LINK MobileLink® Acetabular Cup System - Dual Mobility Liners, and Shell/Insert Adapters

K-Number: K200607 · 2021-05-28

ApplicantWaldemar Link GmbH & Co. KG
Decision Date2021-05-28
Product CodeLPH
Advisory CommitteeOR
DecisionSubstantially Equivalent

Device Summary

LINK MobileLink® Acetabular Cup System - Dual Mobility Liners, and Shell/Insert Adapters is a medical device manufactured by Waldemar Link GmbH & Co. KG. It received FDA 510(k) clearance on 2021-05-28 under approval number K200607. The device is classified under product code LPH. It was reviewed by the OR advisory panel. FDA Decision: Substantially Equivalent.

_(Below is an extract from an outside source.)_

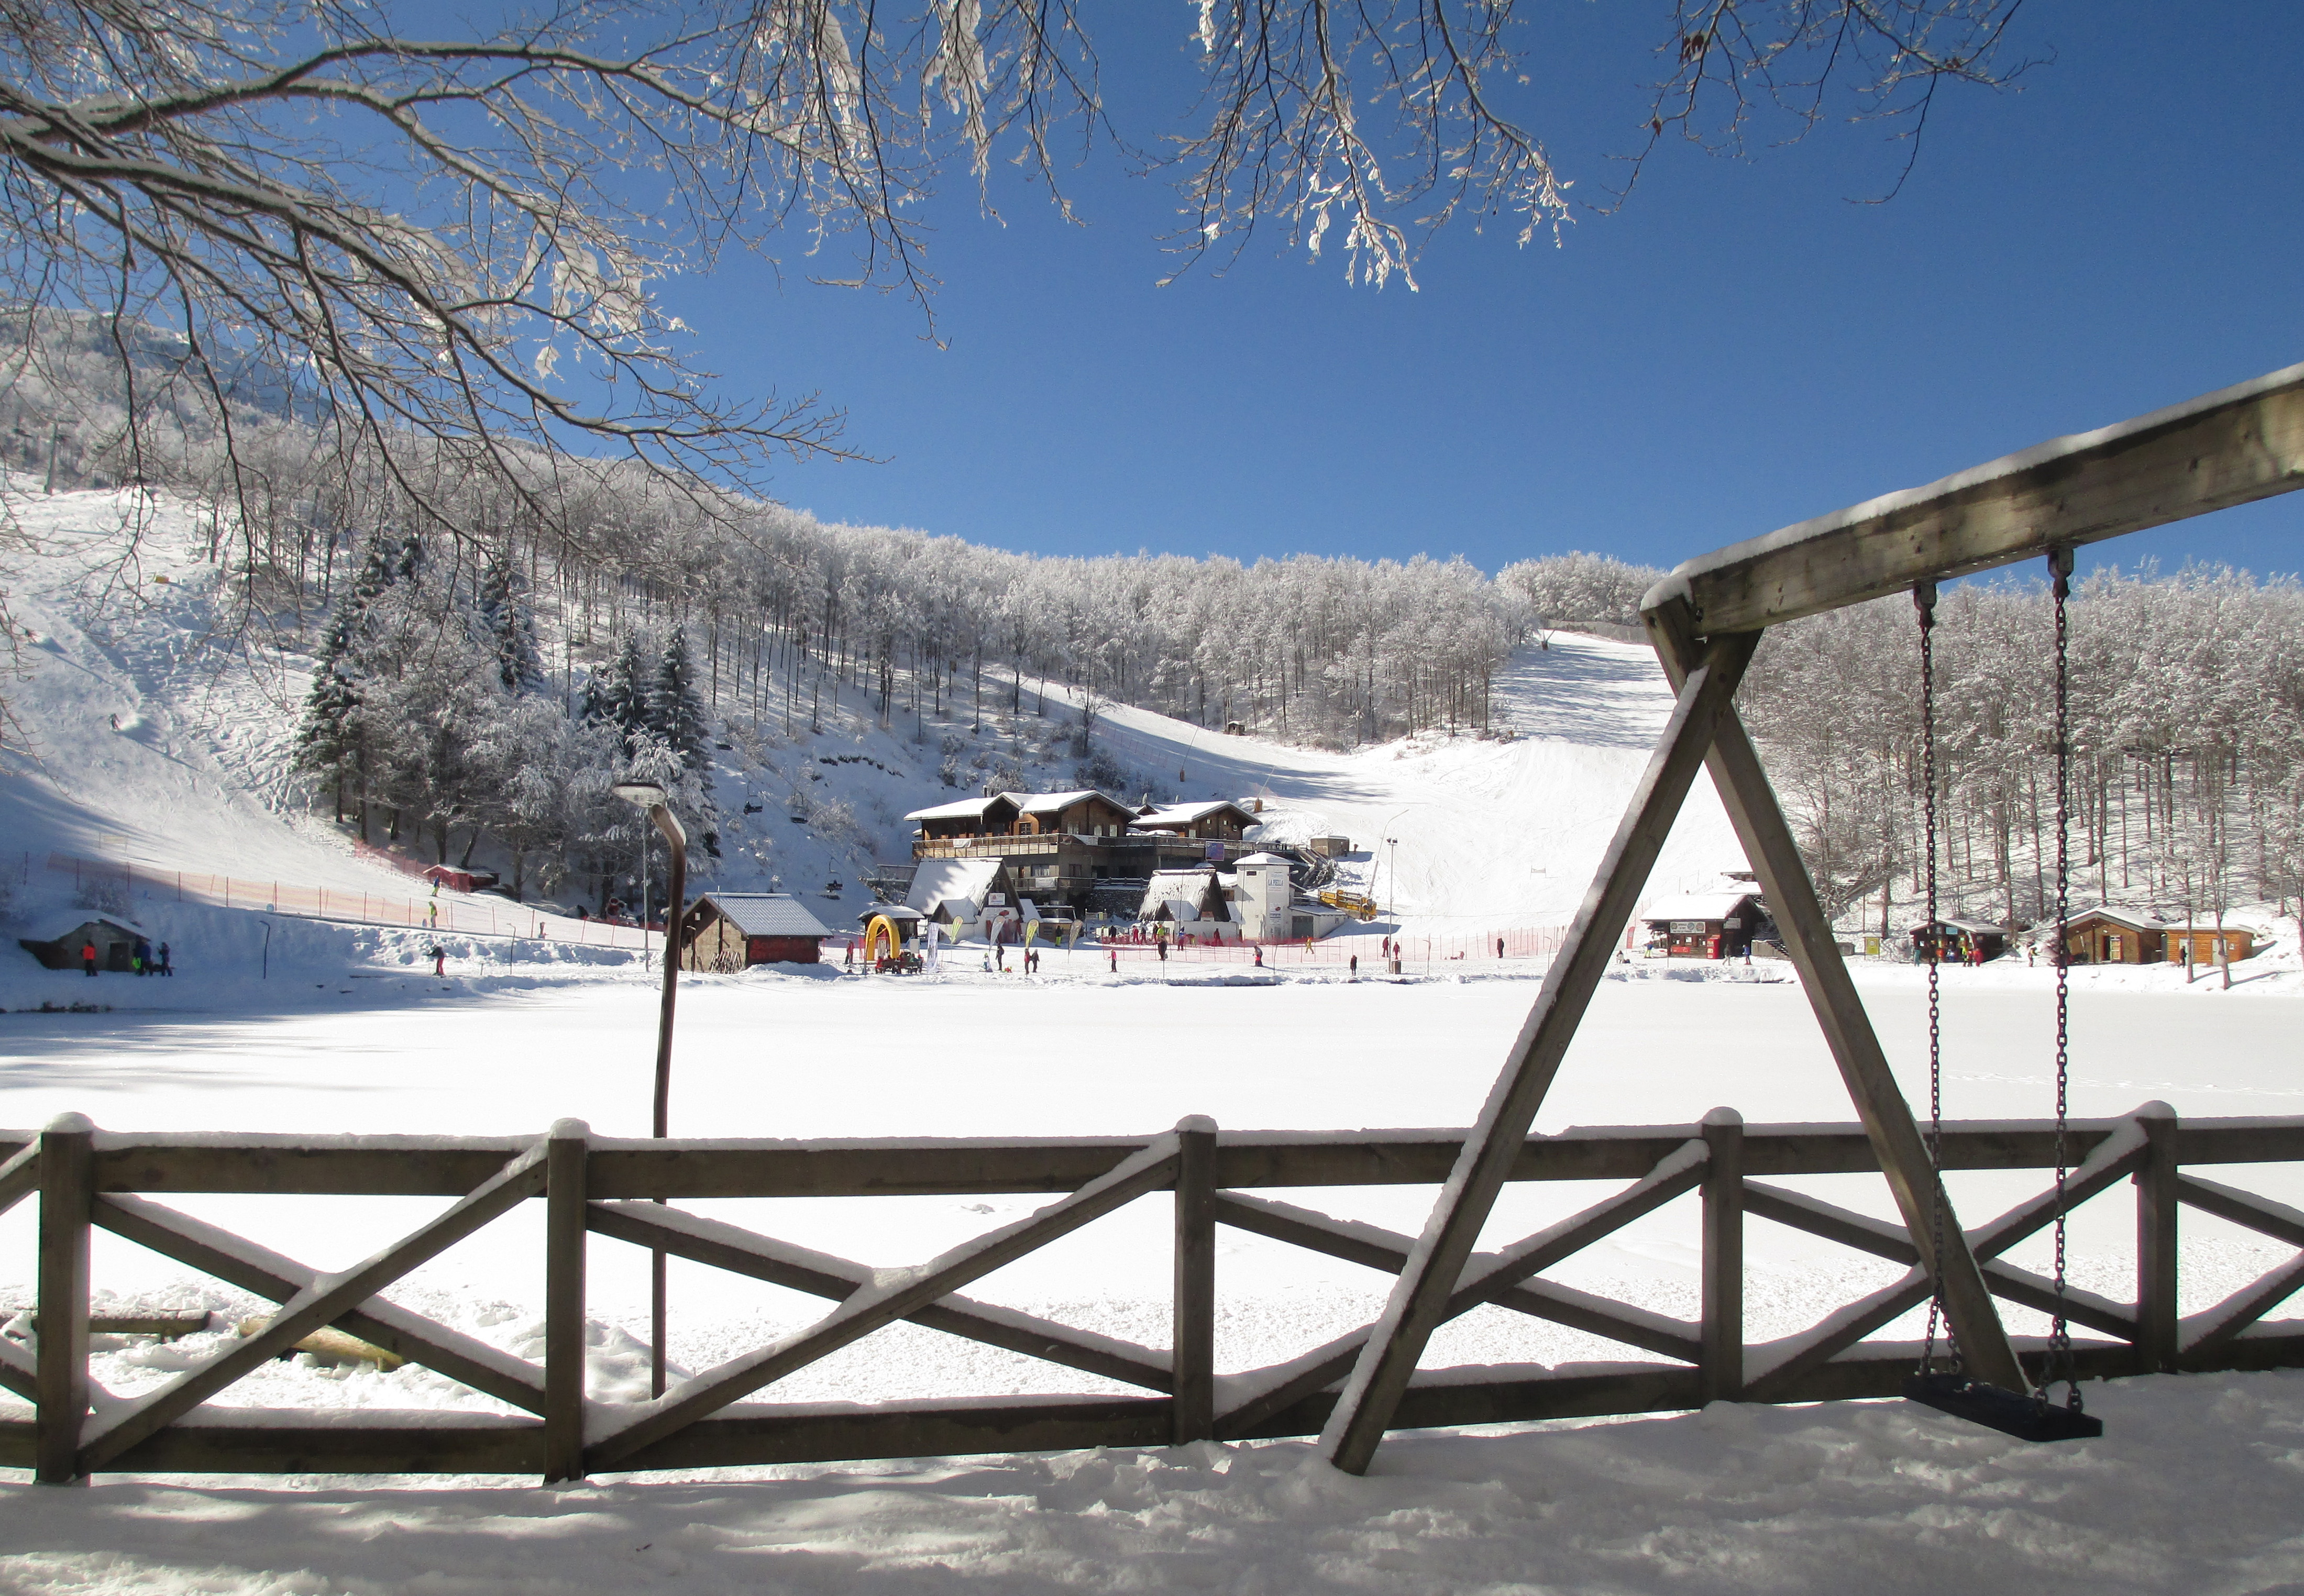 You are currently viewing CERRETO LAGHI: NEVE E BIMBI

Frequently Asked Questions

What is the LINK MobileLink® Acetabular Cup System - Dual Mobility Liners, and Shell/Insert Adapters?

LINK MobileLink® Acetabular Cup System - Dual Mobility Liners, and Shell/Insert Adapters is a medical device that received FDA 510(k) clearance on 2021-05-28. It is manufactured by Waldemar Link GmbH & Co. KG. The 510(k) number is K200607.

When was LINK MobileLink® Acetabular Cup System - Dual Mobility Liners, and Shell/Insert Adapters approved by the FDA?

LINK MobileLink® Acetabular Cup System - Dual Mobility Liners, and Shell/Insert Adapters received FDA 510(k) clearance on 2021-05-28, under approval number K200607.

What company makes LINK MobileLink® Acetabular Cup System - Dual Mobility Liners, and Shell/Insert Adapters?

LINK MobileLink® Acetabular Cup System - Dual Mobility Liners, and Shell/Insert Adapters is manufactured by Waldemar Link GmbH & Co. KG.

What is the FDA product code for LINK MobileLink® Acetabular Cup System - Dual Mobility Liners, and Shell/Insert Adapters?

The FDA product code for LINK MobileLink® Acetabular Cup System - Dual Mobility Liners, and Shell/Insert Adapters is LPH.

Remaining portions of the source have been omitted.